**Work task**
What you return must be the data below, word for word, without any images.

**Provided data**

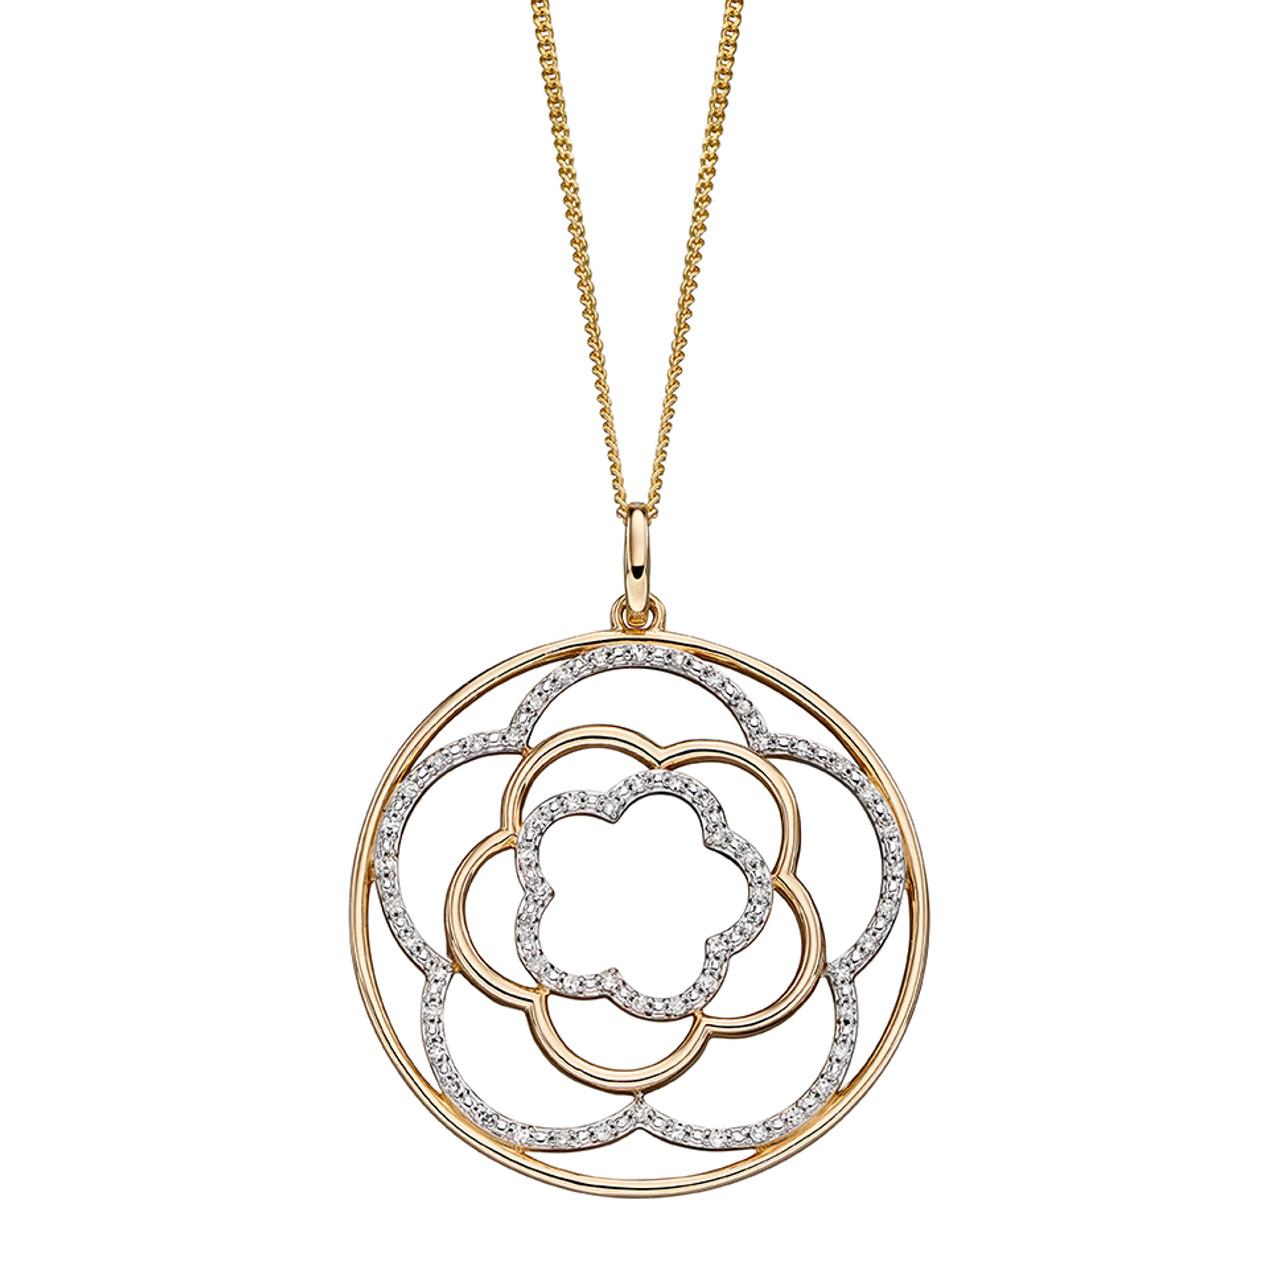 9ct Yellow Gold & Diamond Flower Pendant on Chain
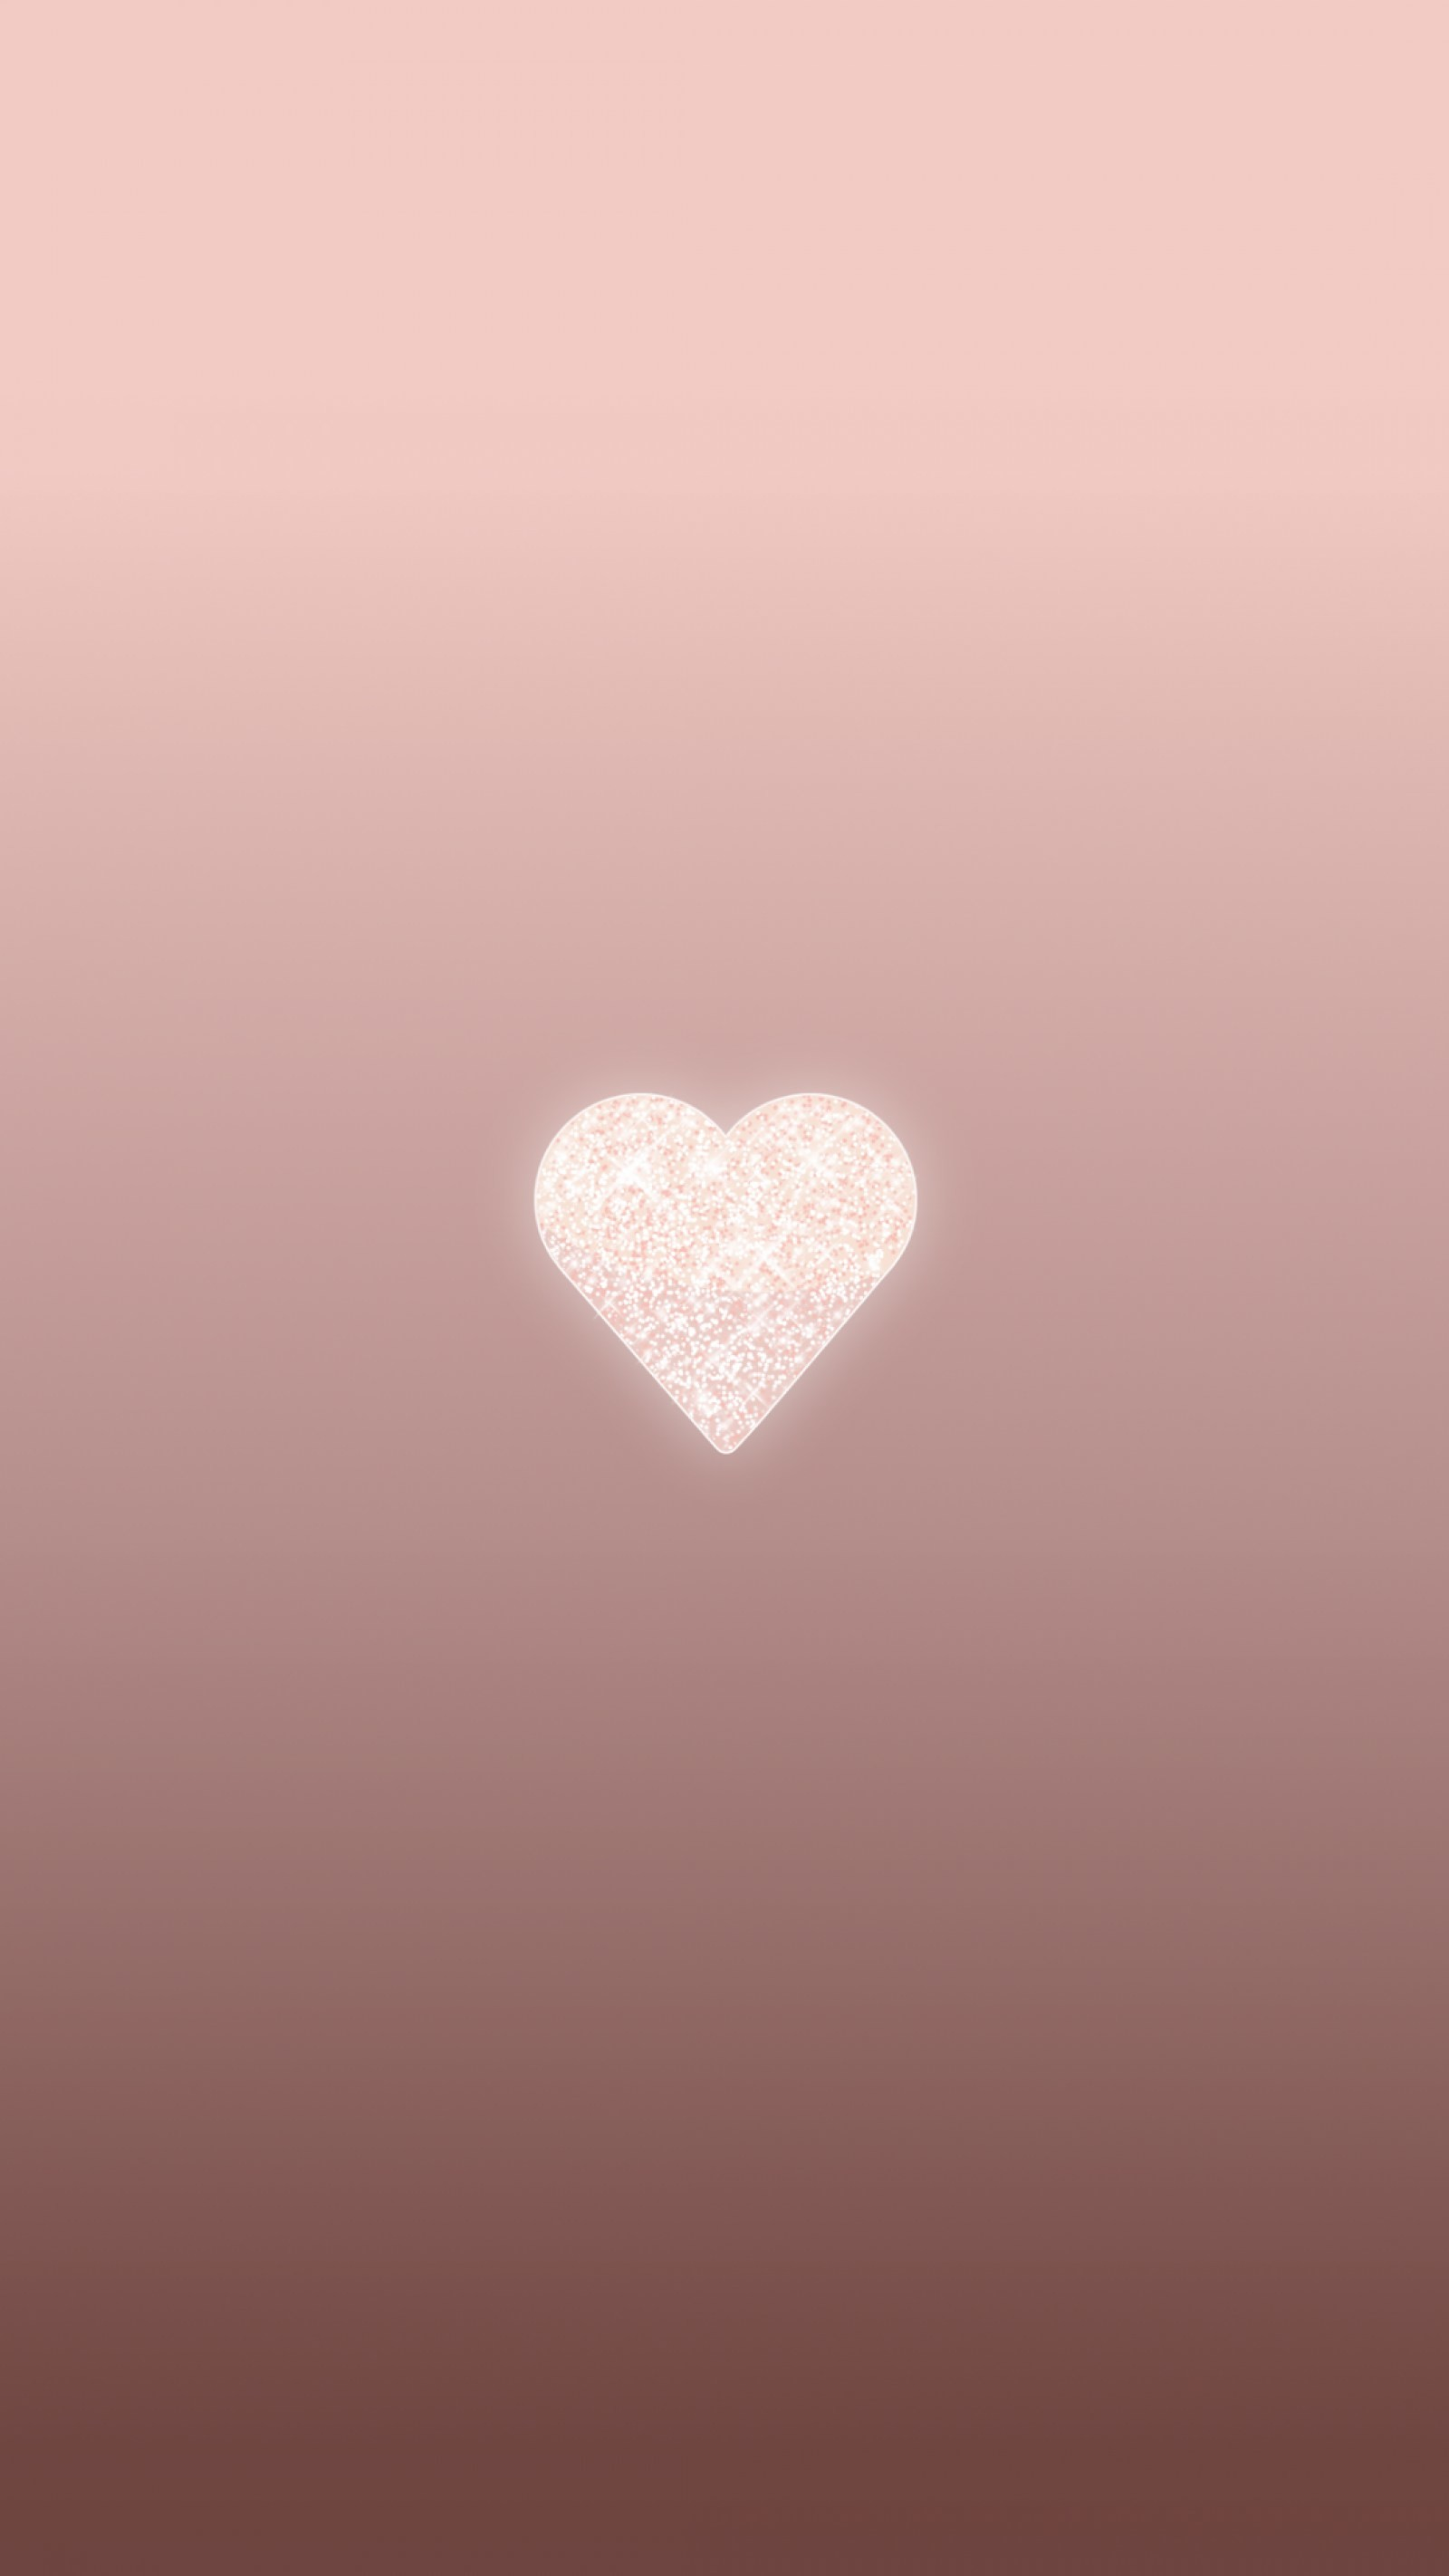 Rose Gold Heart, Phone Wallpaper, Background, Lock - Lock Screen Rose Gold - HD Wallpaper
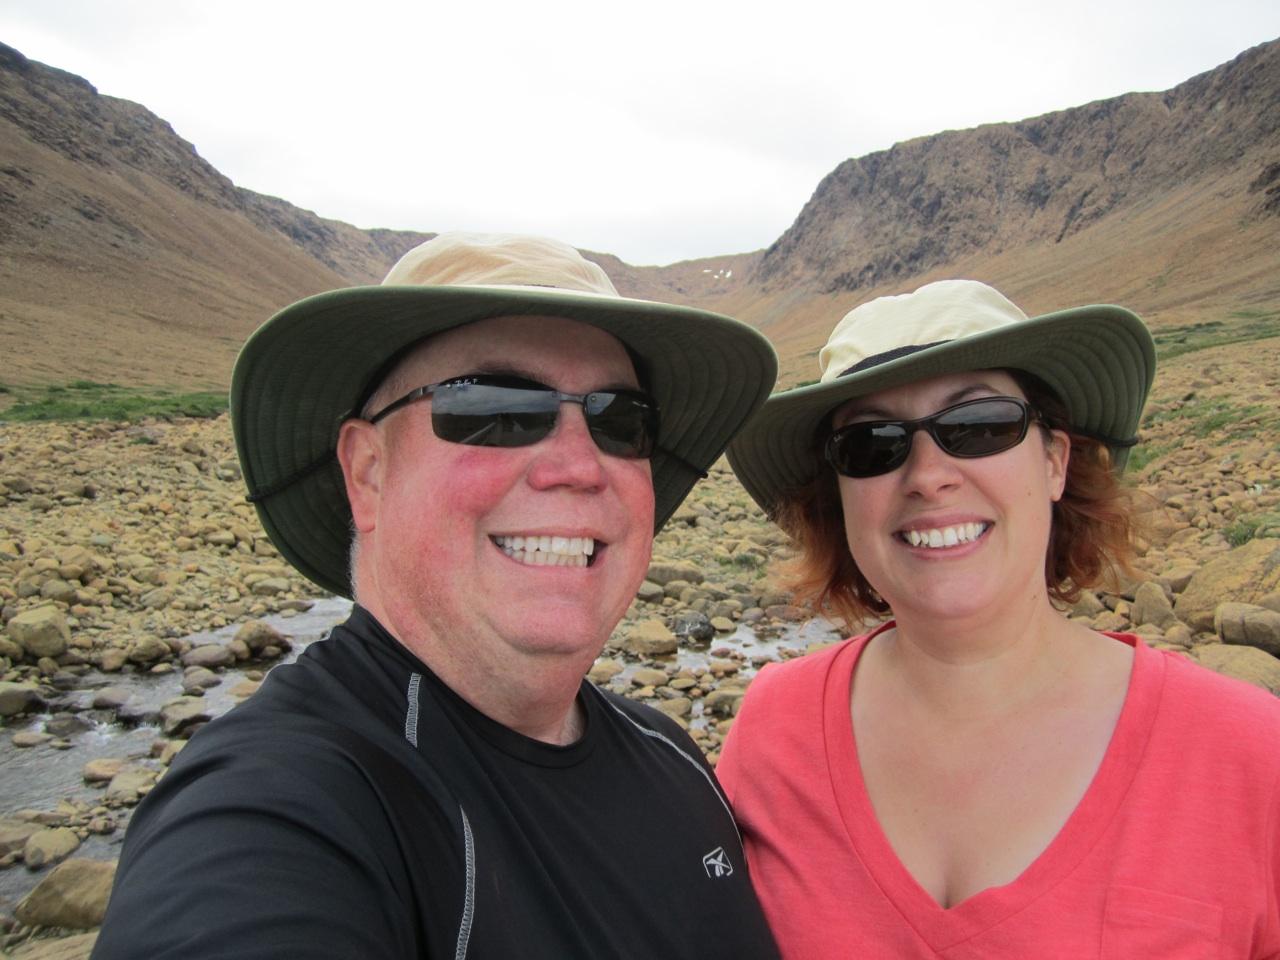 David & Brenda Hiking The Tablelands Trail
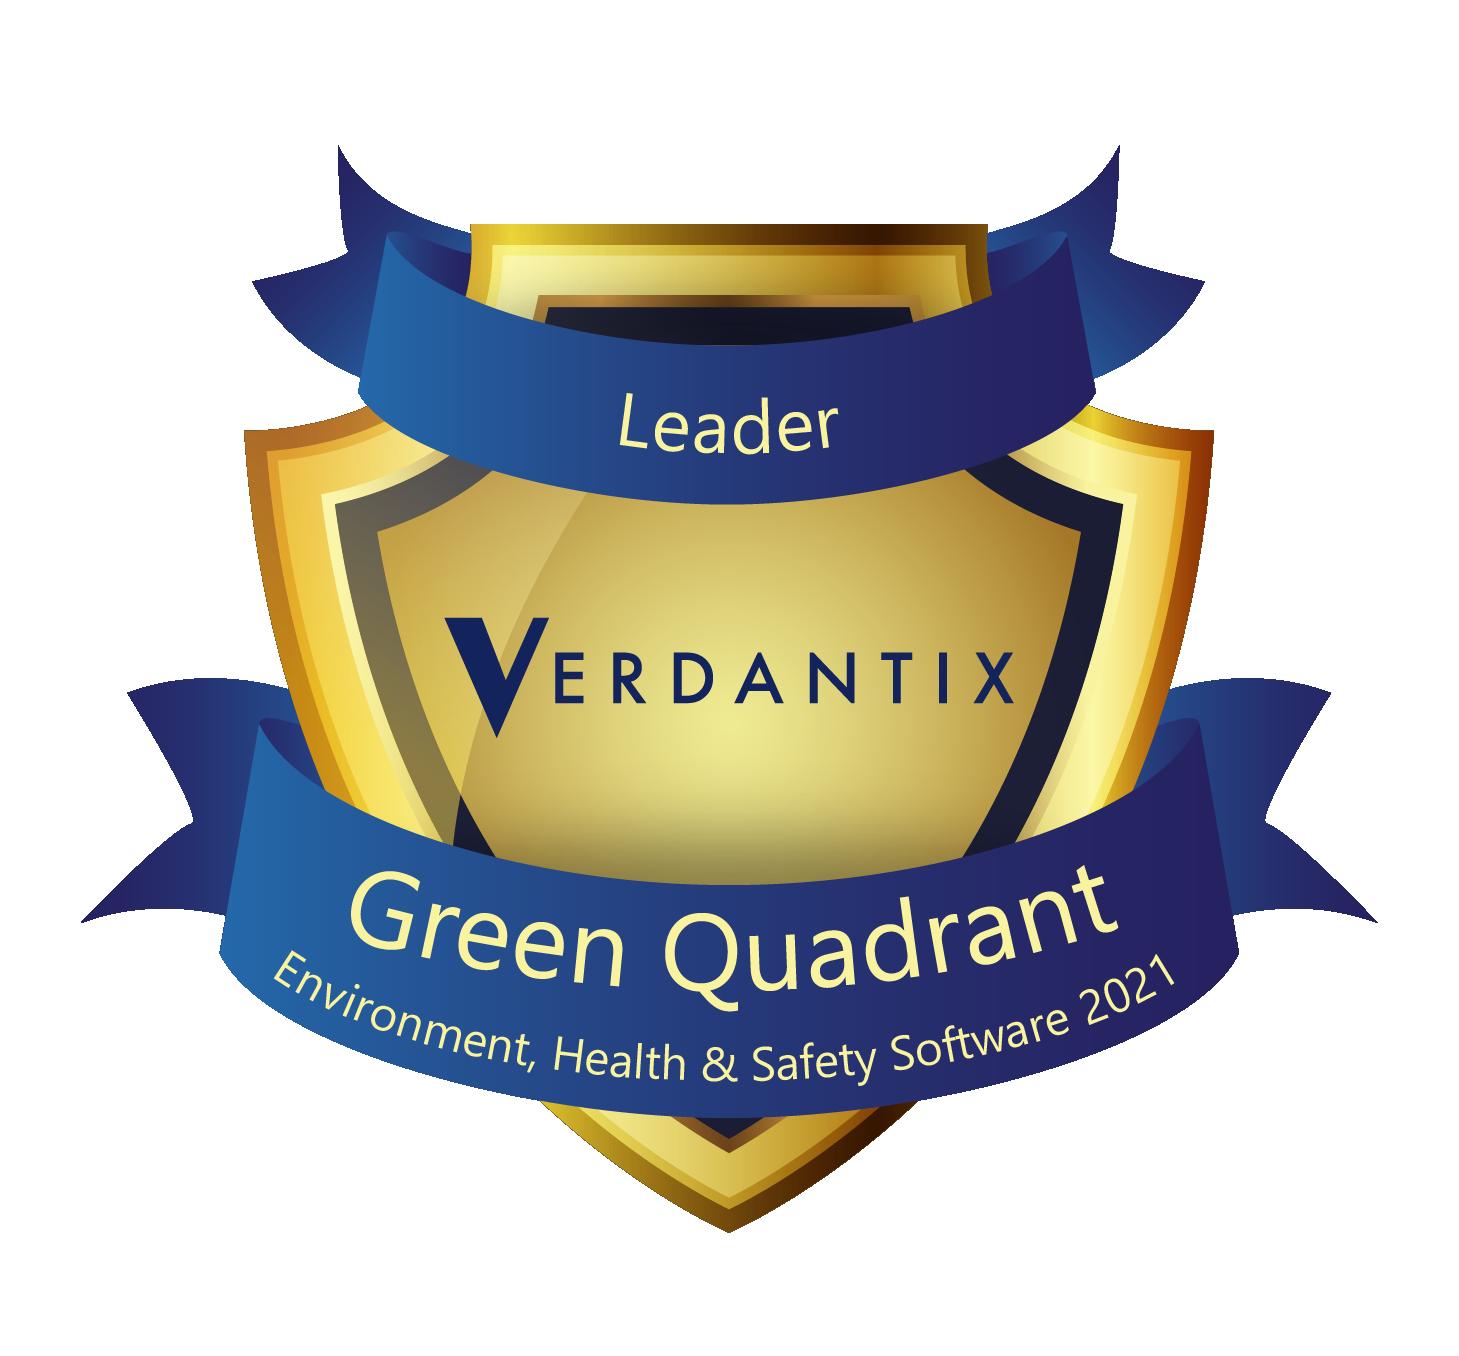 Verdantix Green Quadrant_Leader

**Exercise output**
 9ct Yellow Gold & Diamond Flower Pendant on Chain
 Rose Gold Heart, Phone Wallpaper, Background, Lock - Lock Screen Rose Gold - HD Wallpaper
 David & Brenda Hiking The Tablelands Trail
 Verdantix Green Quadrant_Leader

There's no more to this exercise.